Timing software

When measuring how long it takes to execute a program, people often report the best time out of several runs with the same input. That seems odd at first. Why report the best time? Why not report the average time?

Operating systems have more to do than just run your program. The time that elapses between the start and finish of your program may vary because of other demands on the operating system’s resources. By taking the best time, you (presumably) get an idea how much time it takes to run the program itself with minimal overhead from other operating system activity.
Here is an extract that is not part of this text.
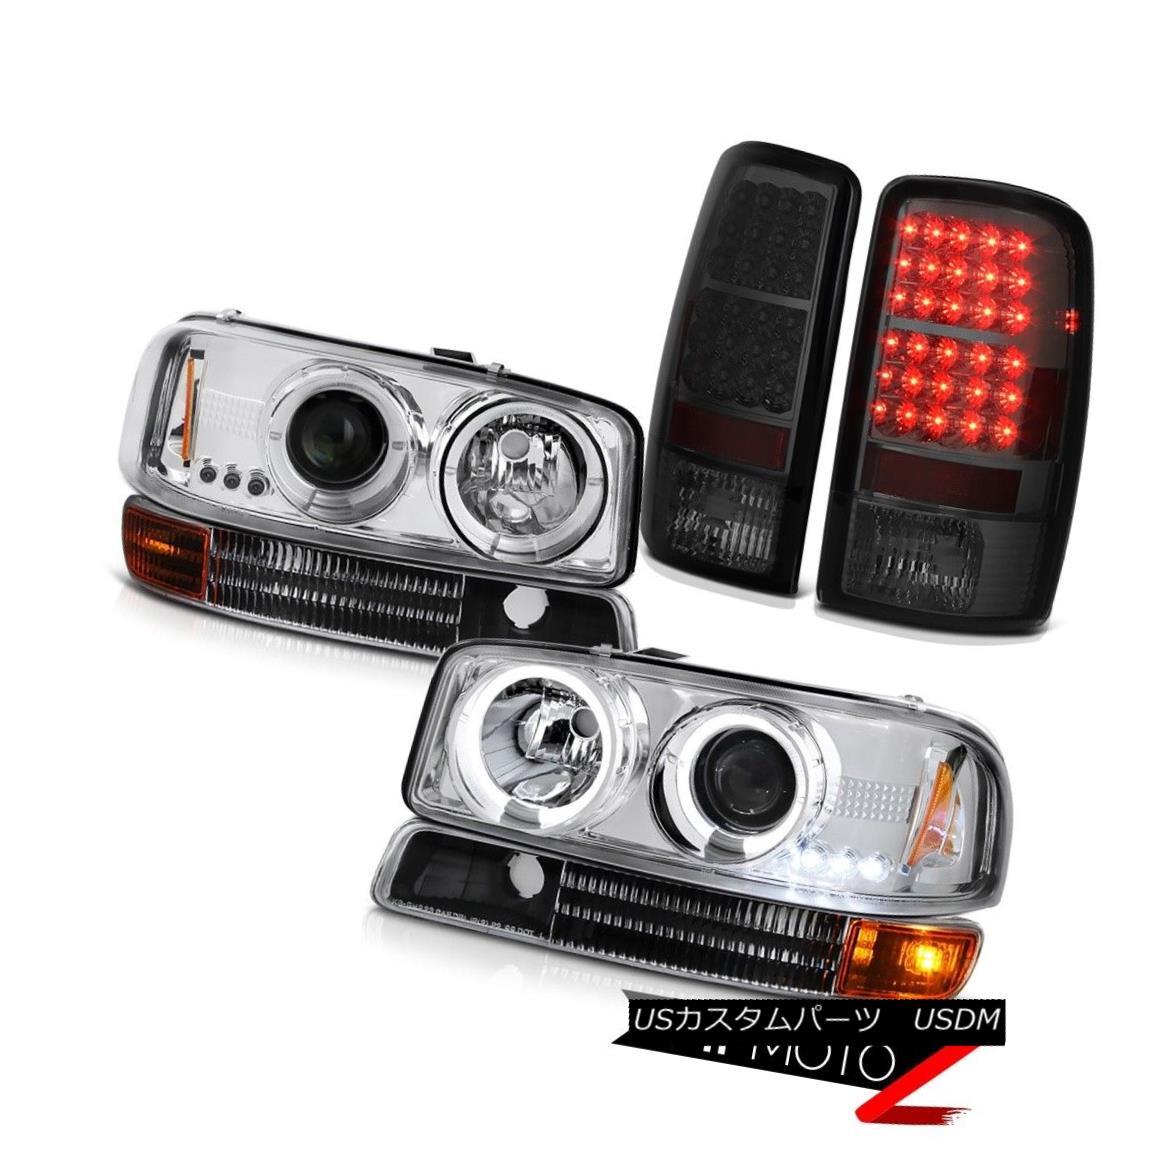 ヘッドライト Tinted LED Tail Light 00-06 Yukon Projector Clear Headlight Black Parking Bumper 着色テールライト00-06ユーコンプロジェクタークリアヘッドライトブラック駐車バンパー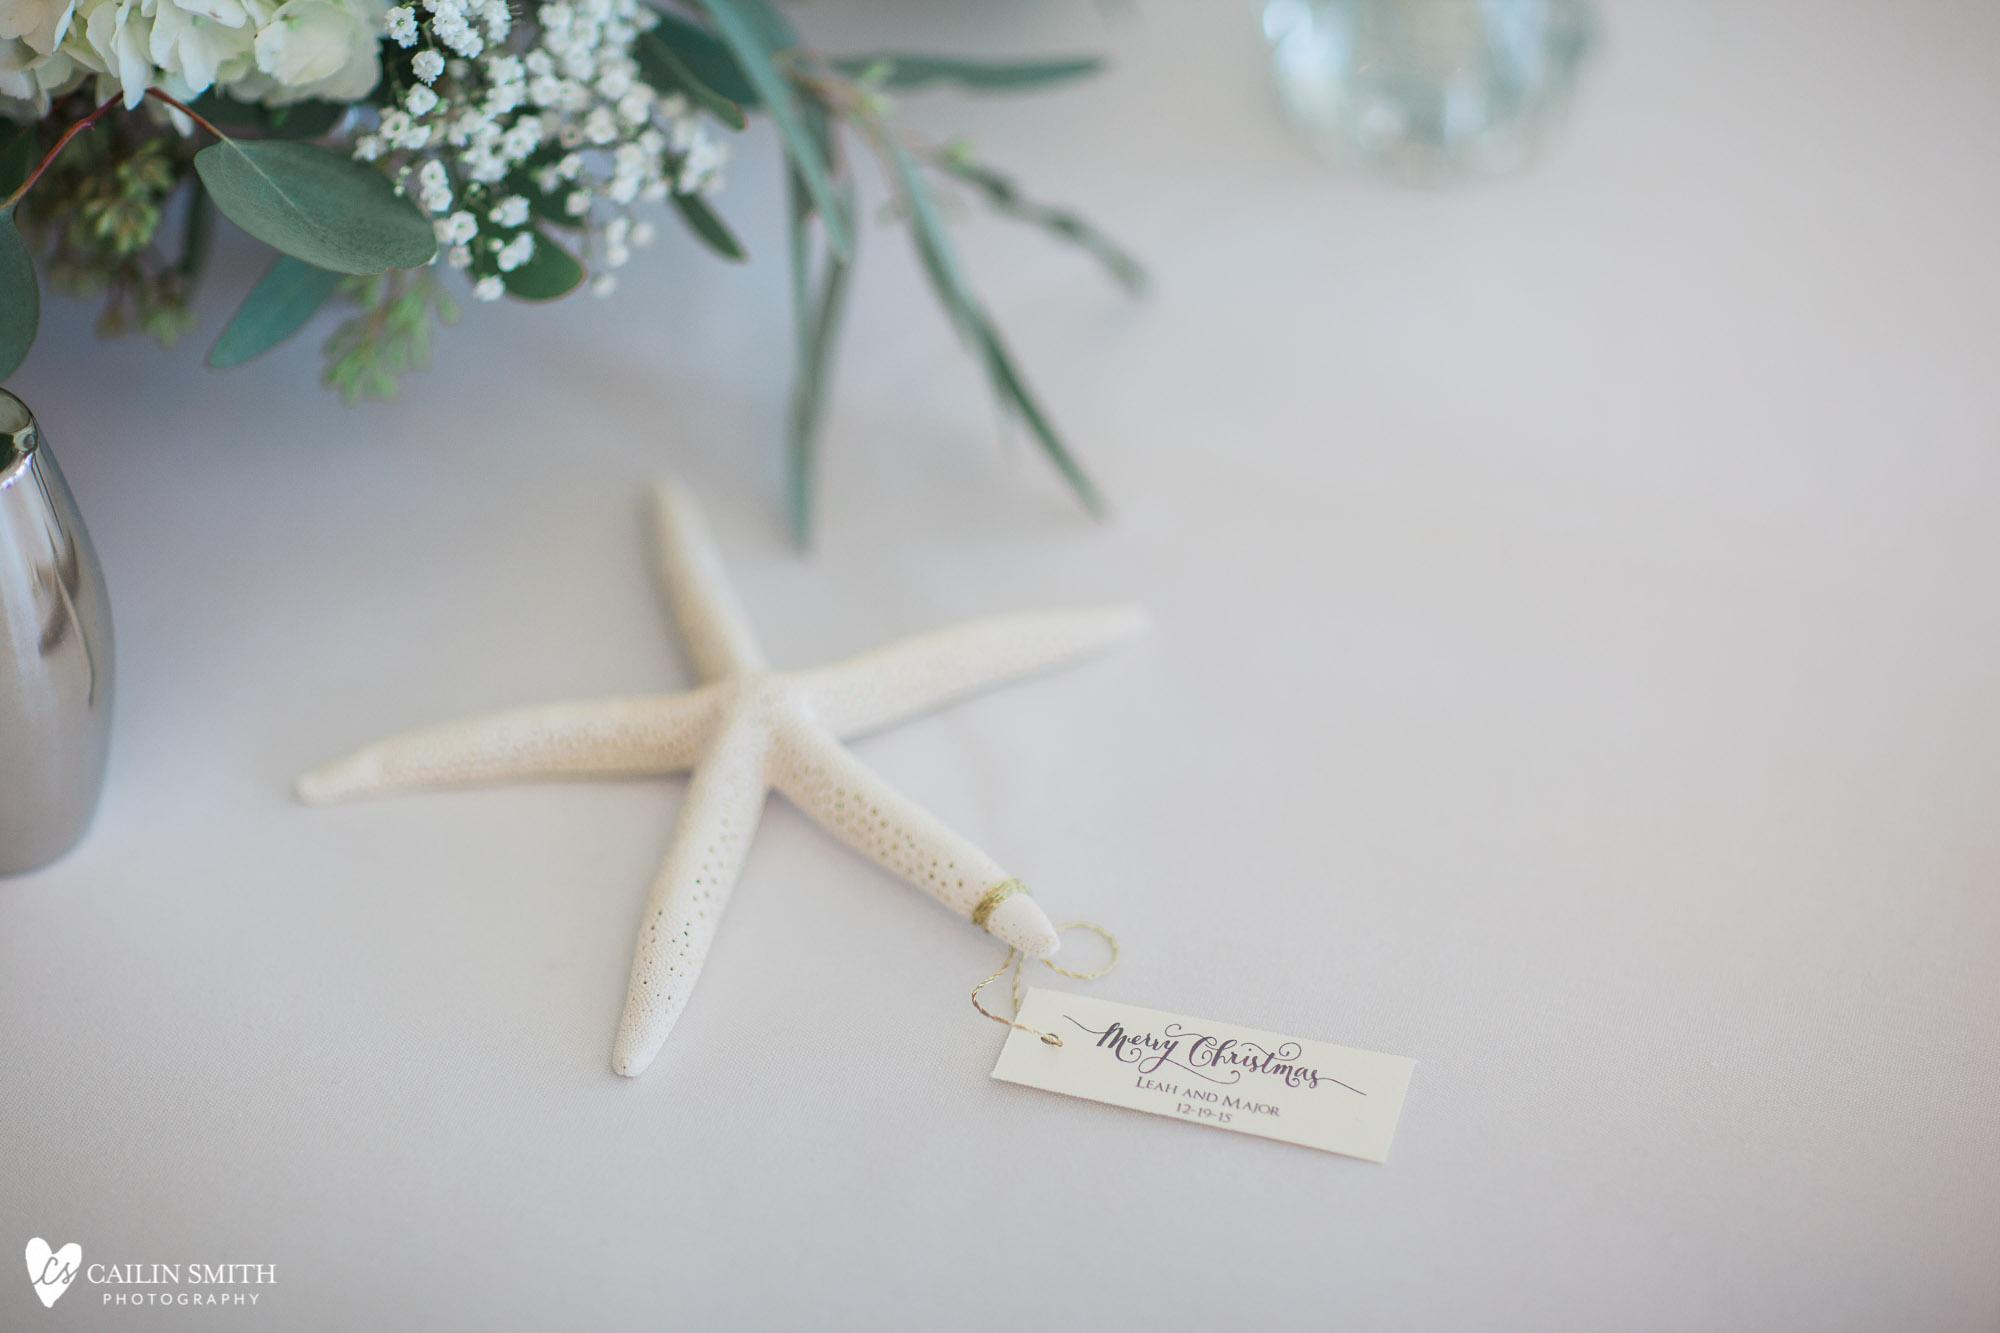 Leah_Major_St_Marys_Wedding_Photography_095.jpg

The best-time approach is appropriate when comparing the efficiency of two programs: compare the best time for Program A to the best time of Program B. But if you want to estimate how long you can expect wait for Program A itself to run, not comparing the efficiency of Program A to anything else, then averaging the run times is reasonable.

(Everything above assumes constant input. This post is not about analyzing execution times with varying inputs. For example, you might use best-case timing to compare two sorting algorithms by sorting the exact same list several times. The only thing changing from run to run is the state of the operating system, not the input. Of course you might also want to measure the average run time with multiple randomly generated data sets, but that’s a different matter.)

6 thoughts on “Timing software

  1. Re: “The only thing changing…” can’t the cache change (hardware, not really OS), perhaps files get memory mapped (I guess that’s OS state) — so the first time would likely be shorter than subsequent runs?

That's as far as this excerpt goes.